TASK OBJECTIVE: Repeat the span of the entries below that starts at the line with "This weeks batch of" and ends at the line with "Encanto: Mirabel RealBig", nothing more. Skip the pictures.

DATA SHOWN:

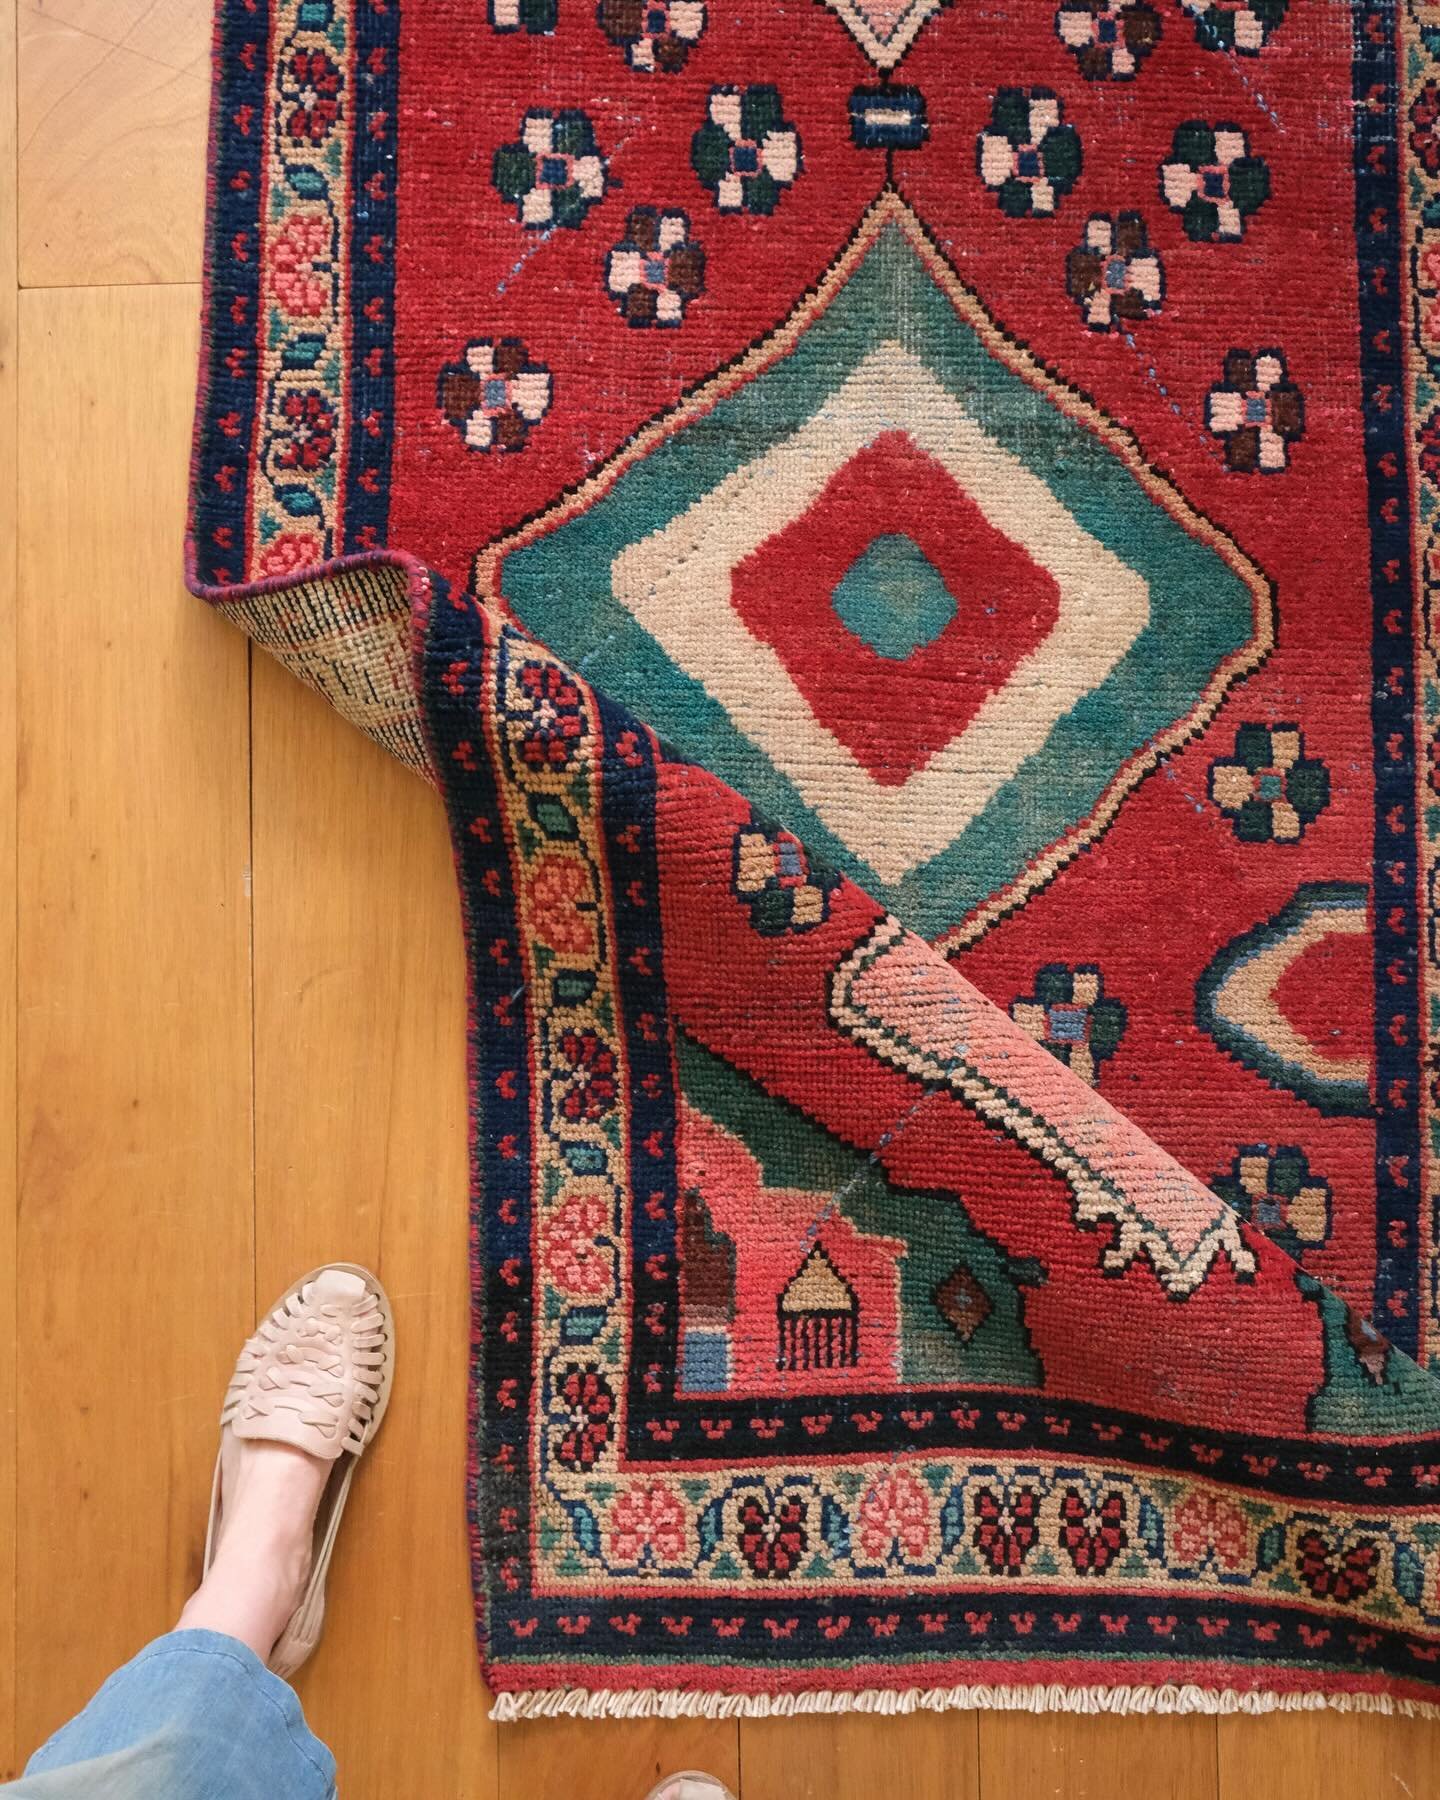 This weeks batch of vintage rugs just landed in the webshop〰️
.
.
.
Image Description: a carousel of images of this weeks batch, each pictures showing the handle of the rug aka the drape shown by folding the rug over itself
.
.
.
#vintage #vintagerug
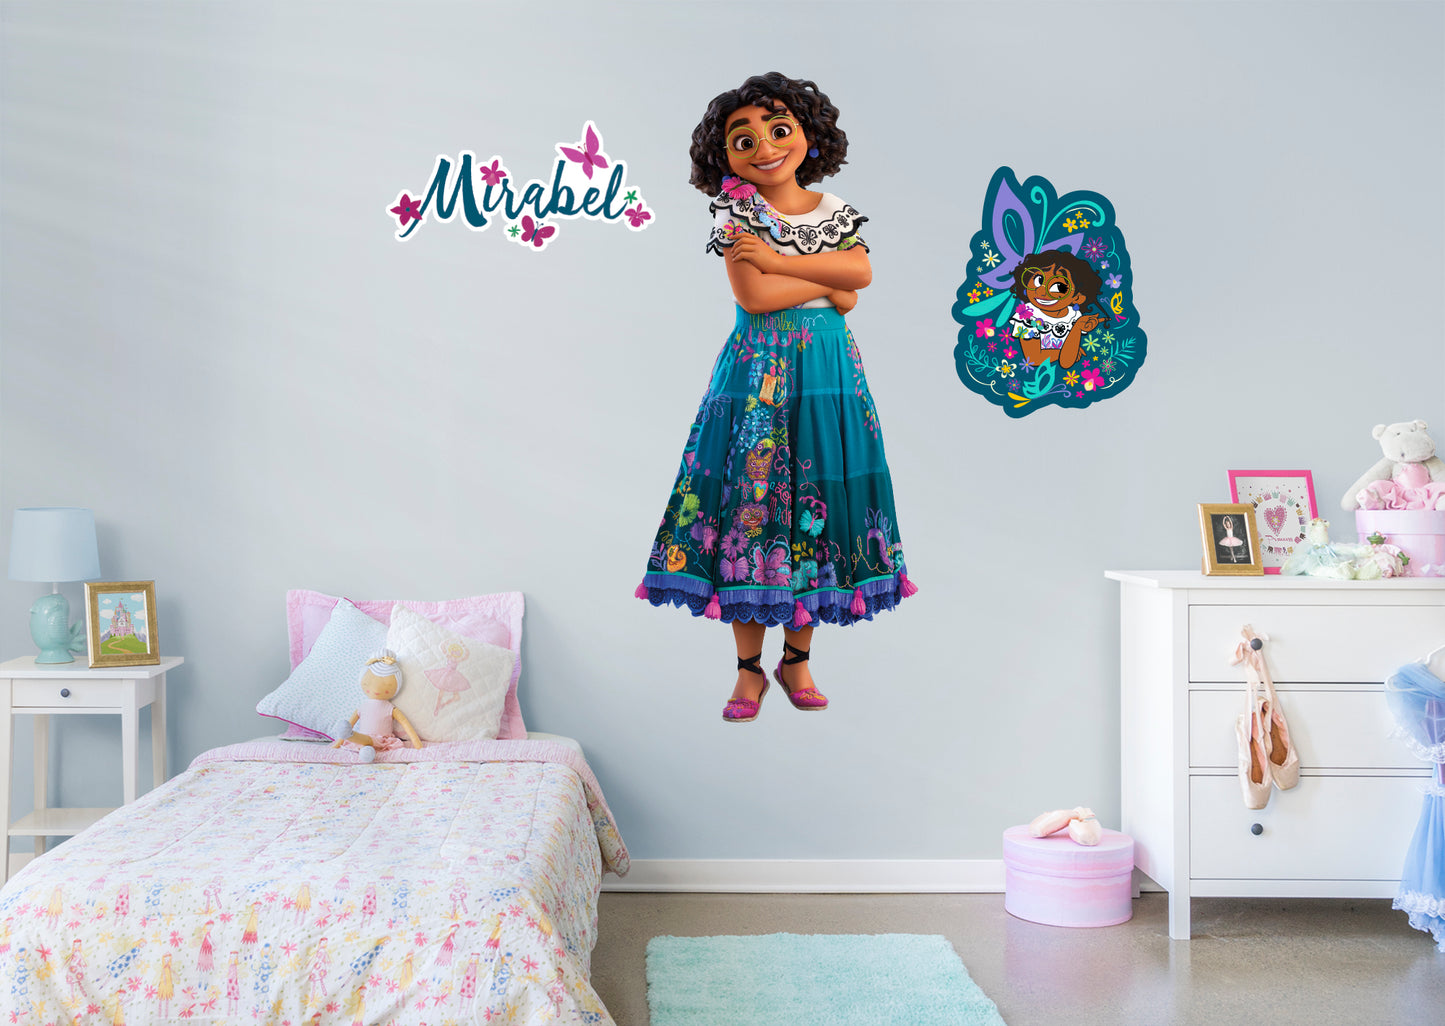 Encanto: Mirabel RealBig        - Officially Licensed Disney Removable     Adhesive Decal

---

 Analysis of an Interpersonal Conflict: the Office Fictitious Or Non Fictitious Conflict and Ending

==

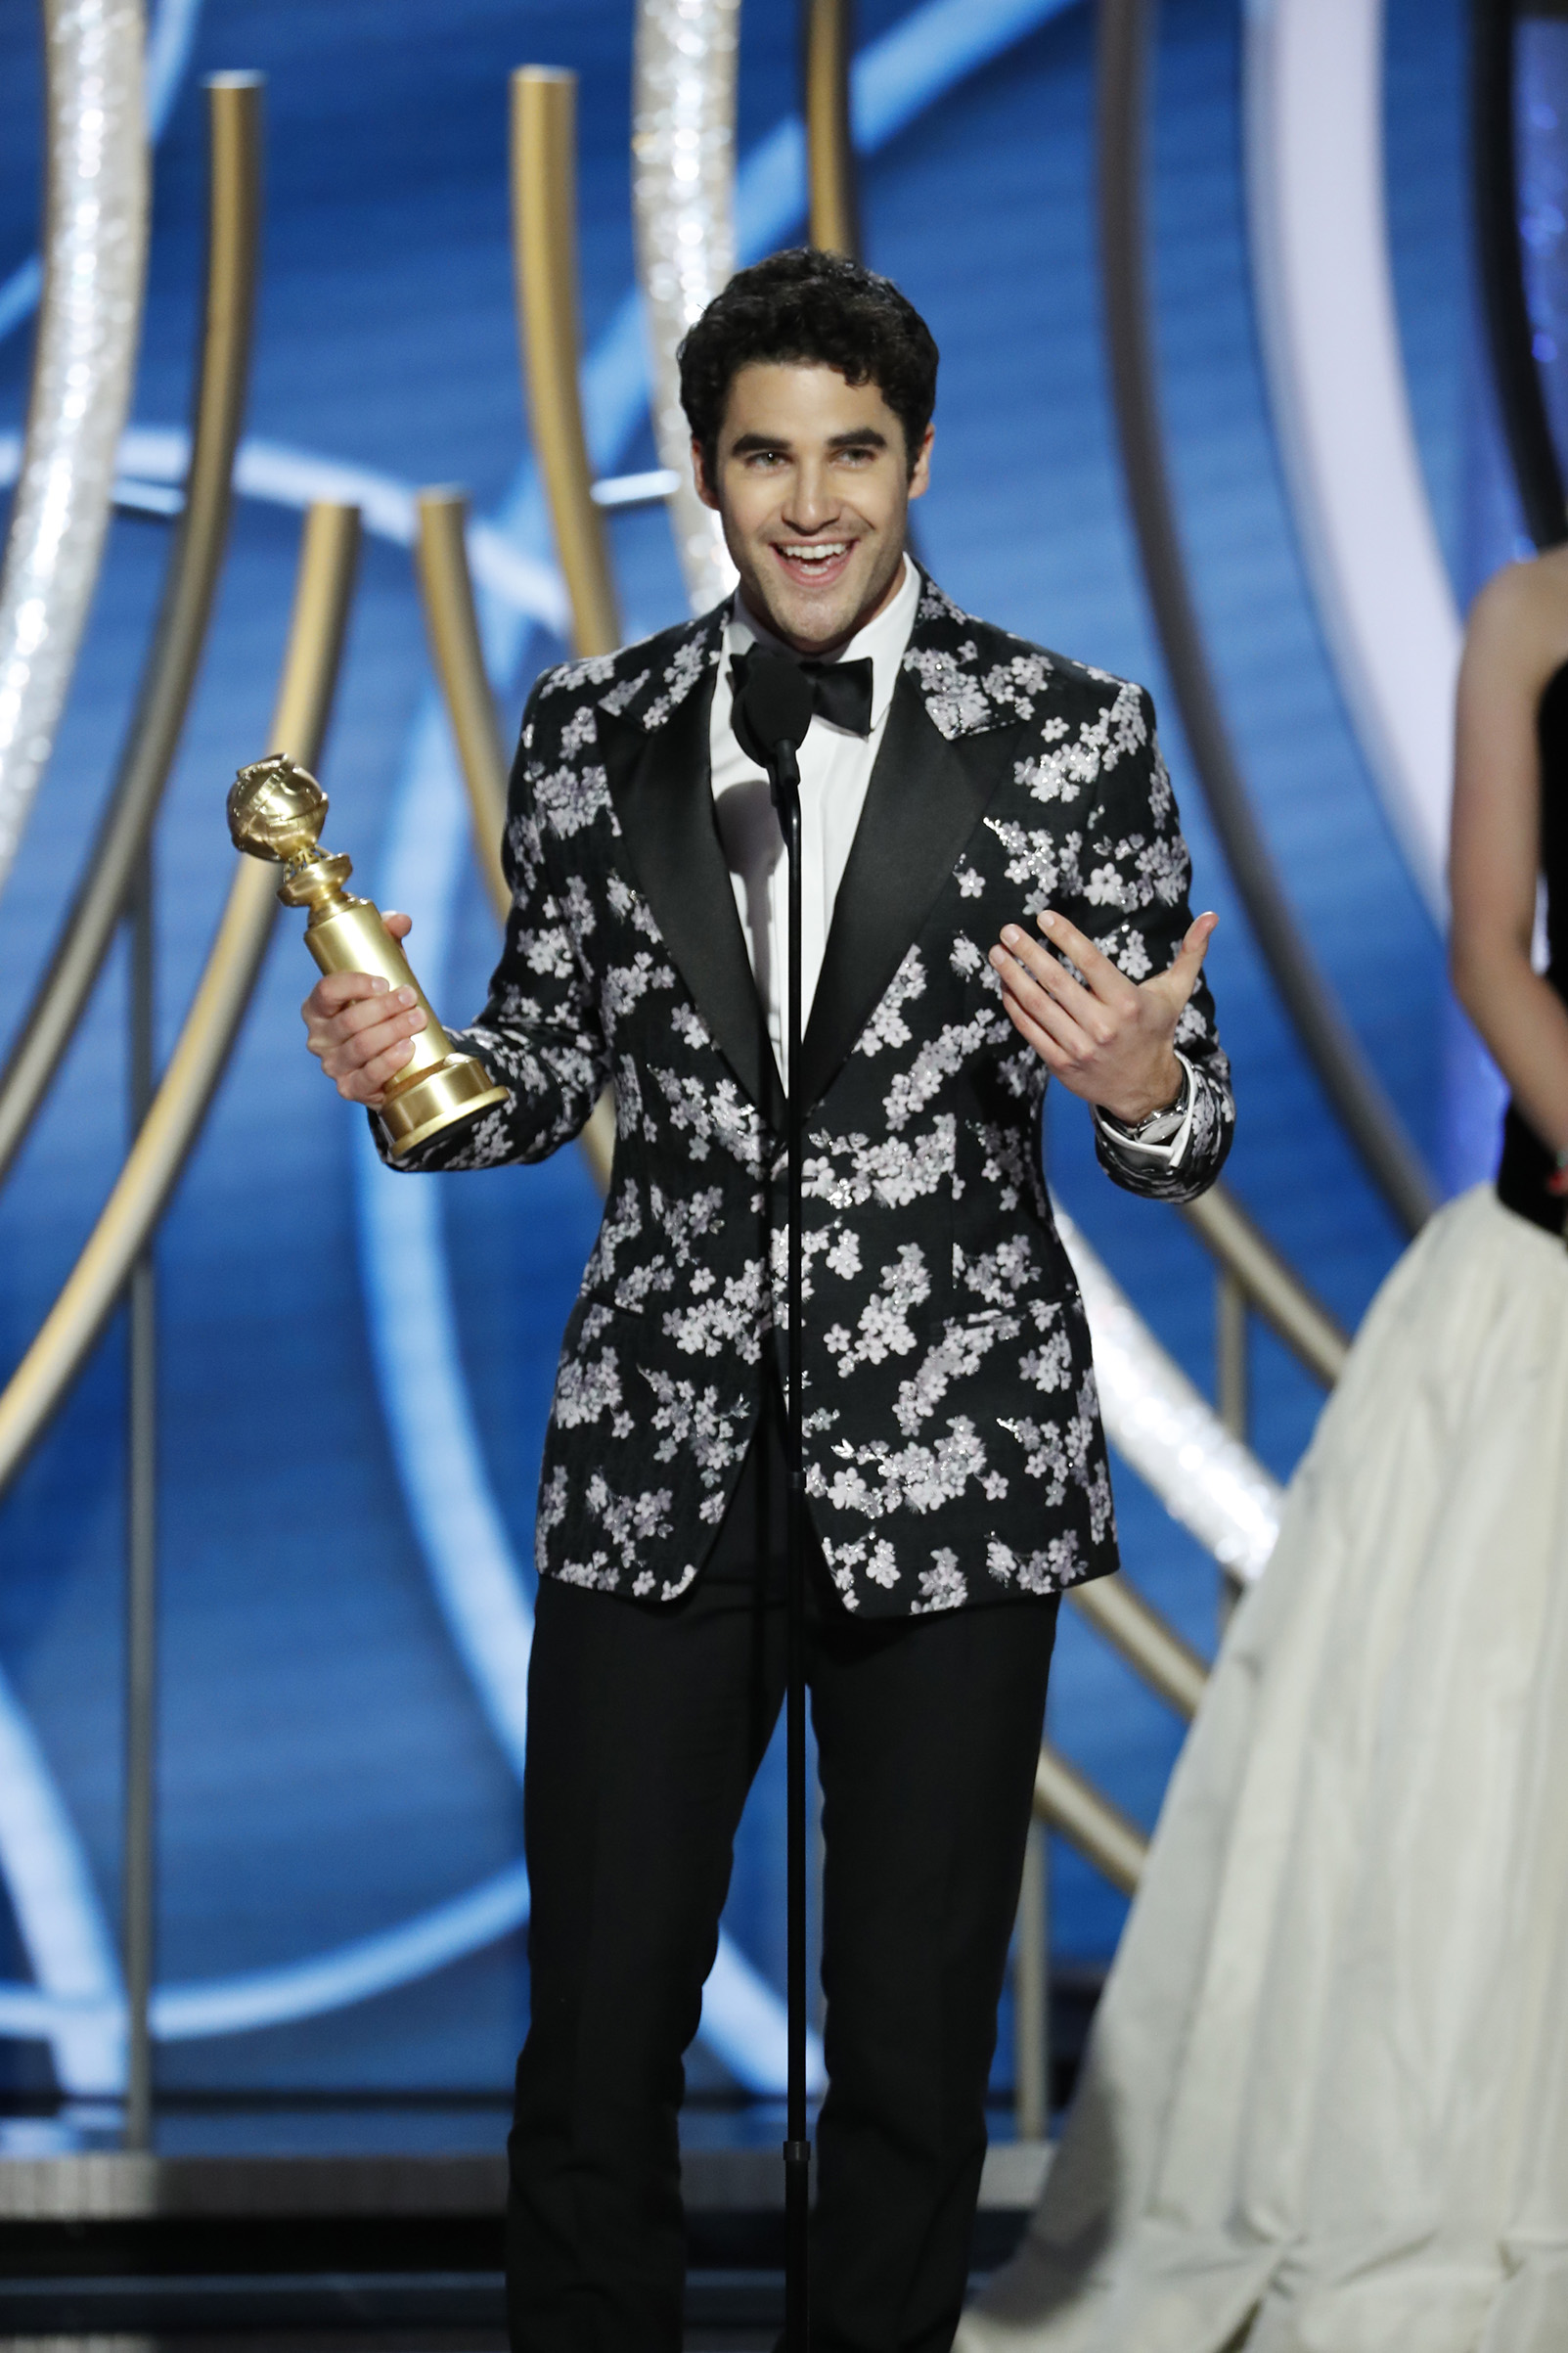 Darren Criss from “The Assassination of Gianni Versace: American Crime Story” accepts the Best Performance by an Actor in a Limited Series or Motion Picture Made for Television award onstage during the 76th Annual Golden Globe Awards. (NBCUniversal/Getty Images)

EXERCISE RESULT:
 This weeks batch of vintage rugs just landed in the webshop〰️
.
.
.
Image Description: a carousel of images of this weeks batch, each pictures showing the handle of the rug aka the drape shown by folding the rug over itself
.
.
.
#vintage #vintagerug
 Encanto: Mirabel RealBig        - Officially Licensed Disney Removable     Adhesive Decal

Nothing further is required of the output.